Now yes, I know that one year at one BB may not be indicative of a larger trend or trends at other banks, but it's still very interesting and useful information. Here are the undergrad results. I'm only listing the schools that most would call targets; there were some smaller schools that carried 3 or 4 students (like Bucknell) that I didn't write down.

Notre Dame, Georgetown - 10
Cambridge, UPenn, Vandy, Cornell - 9
Dartmouth, Duke, MIT, UT Austin - 8
University of Chicago, Brown, Columbia, Stanford - 6
UC Berkeley, NYU, USC, Northwestern - 5
Yale - 4
Harvard, LSE, Wake Forest - 3
Princeton - 2

As you can see, this should serve as a wake-up call that attending HYSW isn't the end-all. In fact, I was utterly shocked that Princeton and Harvard didn't fare better (only two graduates going to this bank from Princeton, really??). This should also serve as a reminder that going to a top 25 or so school (based on U.S. News/World Report) will most likely set you up in a good spot for recruiting regardless of what you choose. Finally, this should remind you that most people on WSO have no idea what they're talking about. Georgetown and ND fared better than any other school this year here and yet I constantly see people degrading schools in that vein stating that recruiting "doesn't even come close" to an Ivy. Well, clearly, that's not the case, at least not anymore or this past year. It does matter a great deal if you go to a good school - I was surprised that certain large state schools literally weren't able to get one person into the firm that year via networking, but it's important to remember that your (or U.S. News and World Report's) "ranking" of which school is best doesn't necessarily jibe with what your employer thinks. Except for Wharton, the "Top Ivies" are clearly struggling or not doing as well as they had in years past. Maybe this is due to all the liberal arts majors we see now at Ivies, maybe it's due to affirmative action, etc. But what's clear is that people should pay a little less attention to where others are telling them to study because "it's more prestigious, it's ranked three spots higher" and pay a little more attention to where they feel they'd fit in and thrive.

Comments (106)

May 28, 2012 - 3:59pm
futurectdoc:
I think you discount size and the fact that n=1, Princeton has a graduating class of approximately 1200, UT Austin may have ten times that and not all people at HYPWS plan to go into IBD.

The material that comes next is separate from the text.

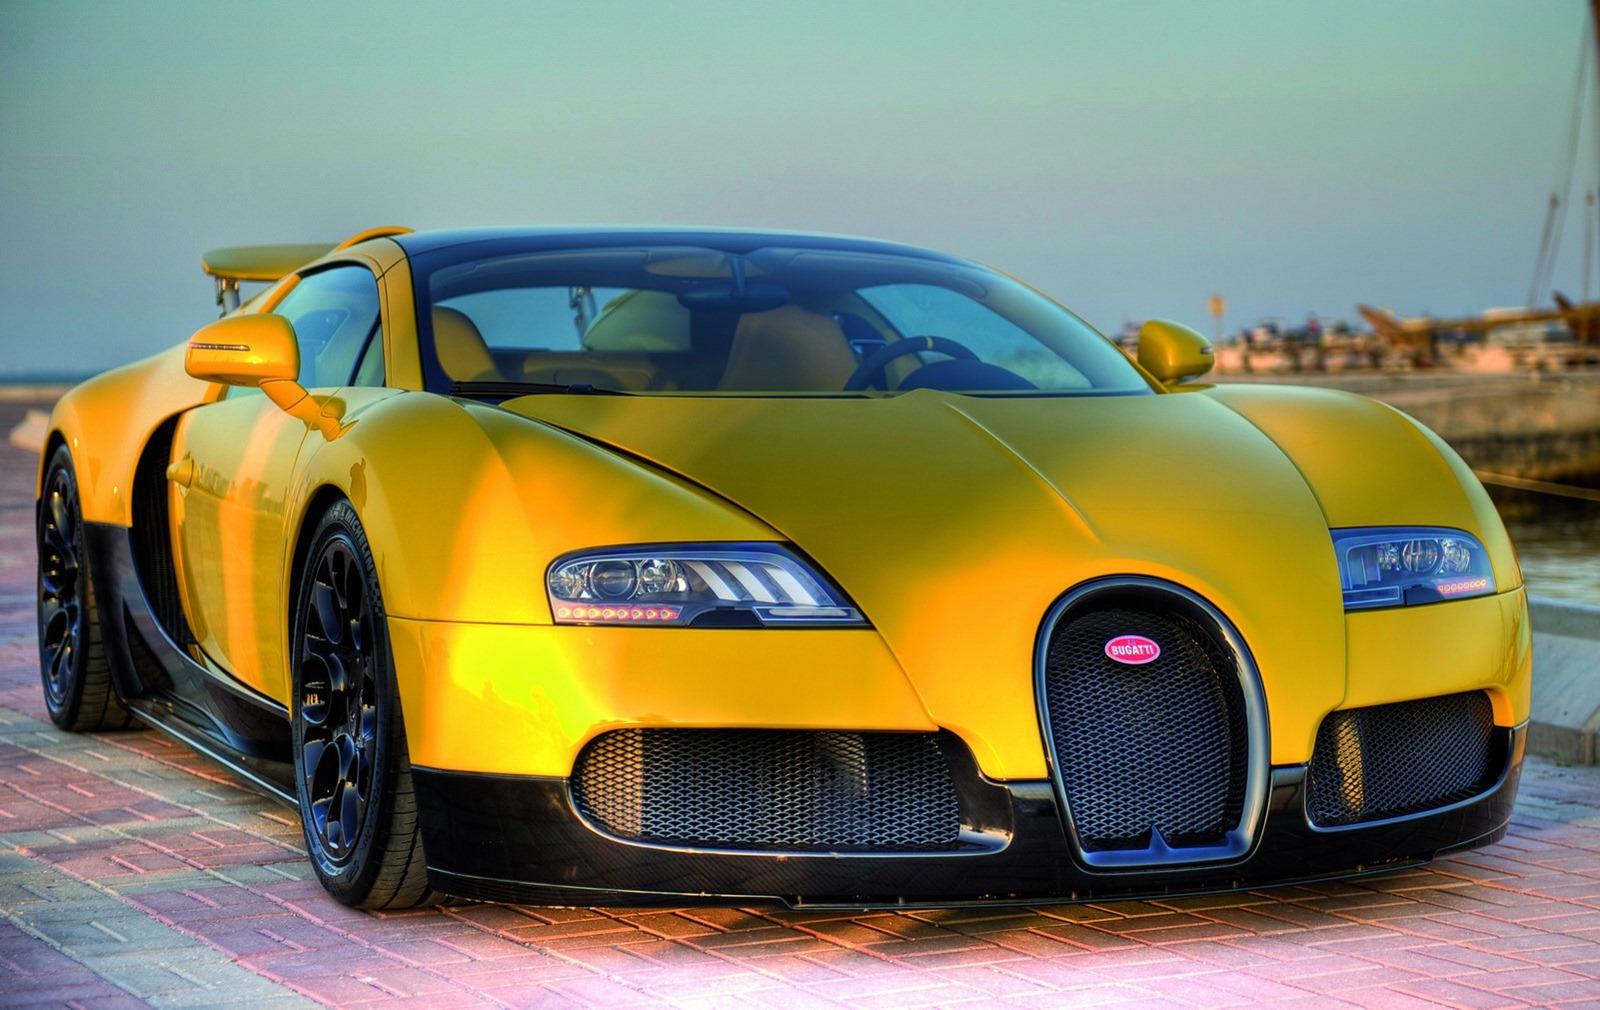 [Bugatti-Veyron-Grand-Sport-13%255B2%255D%255B2%255D.jpg]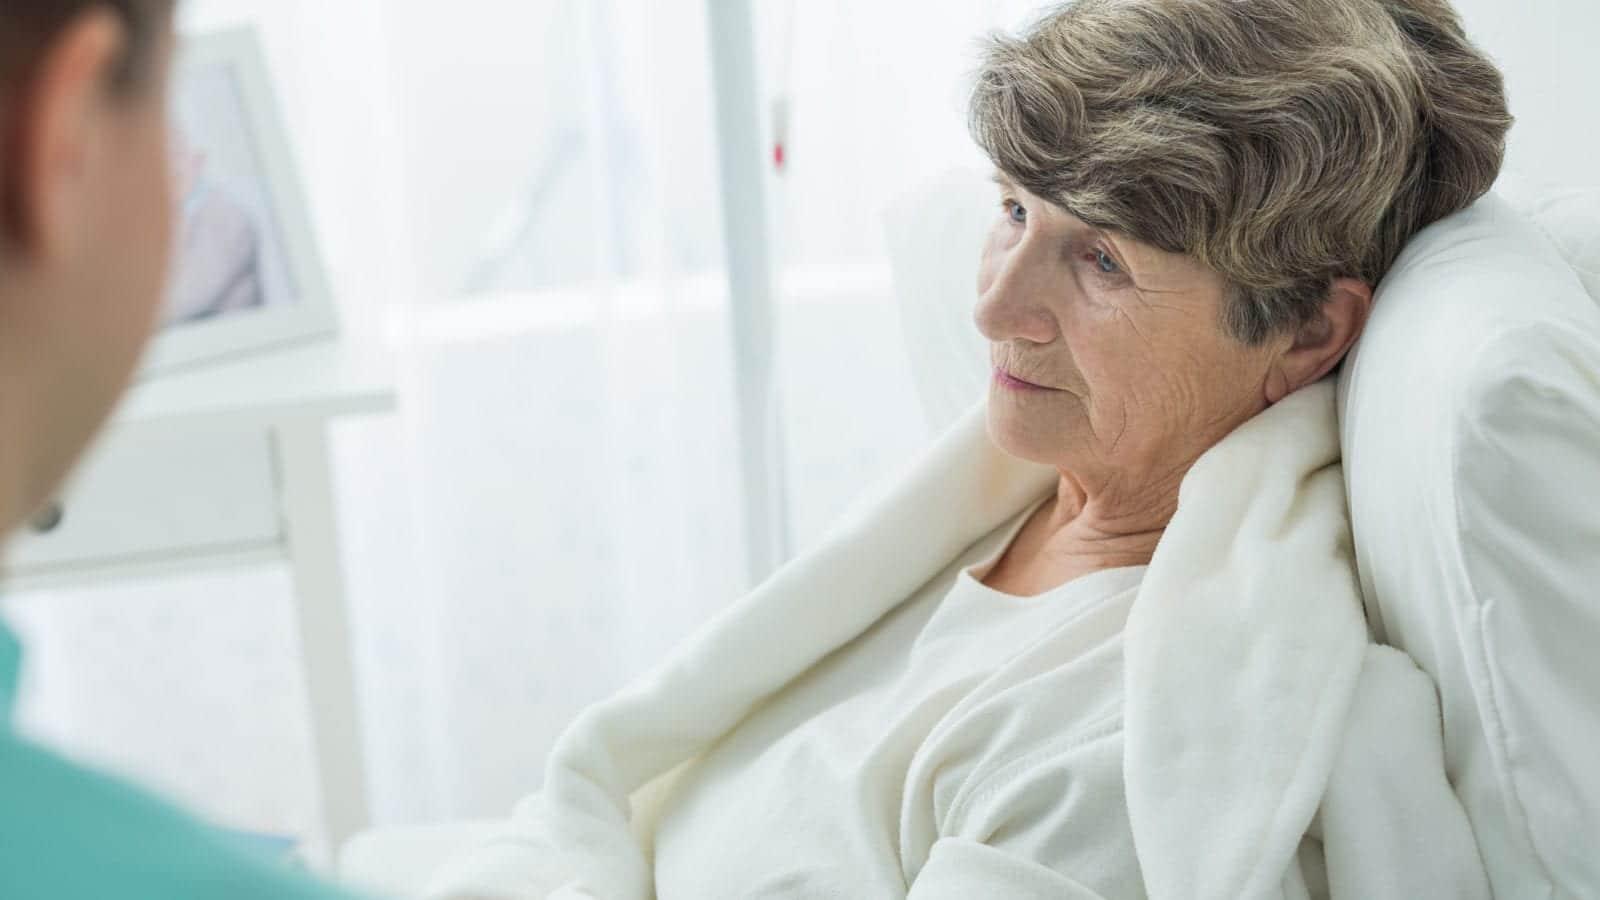 Photo of nurse and sad old woman at hospital

You're right, I didn't specifically list this in the post, obviously the fact that UT is on there is a testament to McCombs honors and the size of the school. However, schools like ND and Georgetown are 2,000 graduating, not much different than Princeton. Yes, the students may have different plans, but I don't think that they'd be that entirely different, especially at Catholic schools that pride themselves on students going into "service" and what not. I just thought the statistics were very interesting and I just get annoyed when WSO mocks those who would "even consider" picking a school like Vandy over an Ivy.

May 29, 2012 - 3:15pm
bulge_bracket:
futurectdoc:
I think you discount size and the fact that n=1, Princeton has a graduating class of approximately 1200, UT Austin may have ten times that and not all people at HYPWS plan to go into IBD.

You're right, I didn't specifically list this in the post, obviously the fact that UT is on there is a testament to McCombs honors and the size of the school. However, schools like ND and Georgetown are 2,000 graduating, not much different than Princeton. Yes, the students may have different plans, but I don't think that they'd be that entirely different, especially at Catholic schools that pride themselves on students going into "service" and what not. I just thought the statistics were very interesting and I just get annoyed when WSO mocks those who would "even consider" picking a school like Vandy over an Ivy.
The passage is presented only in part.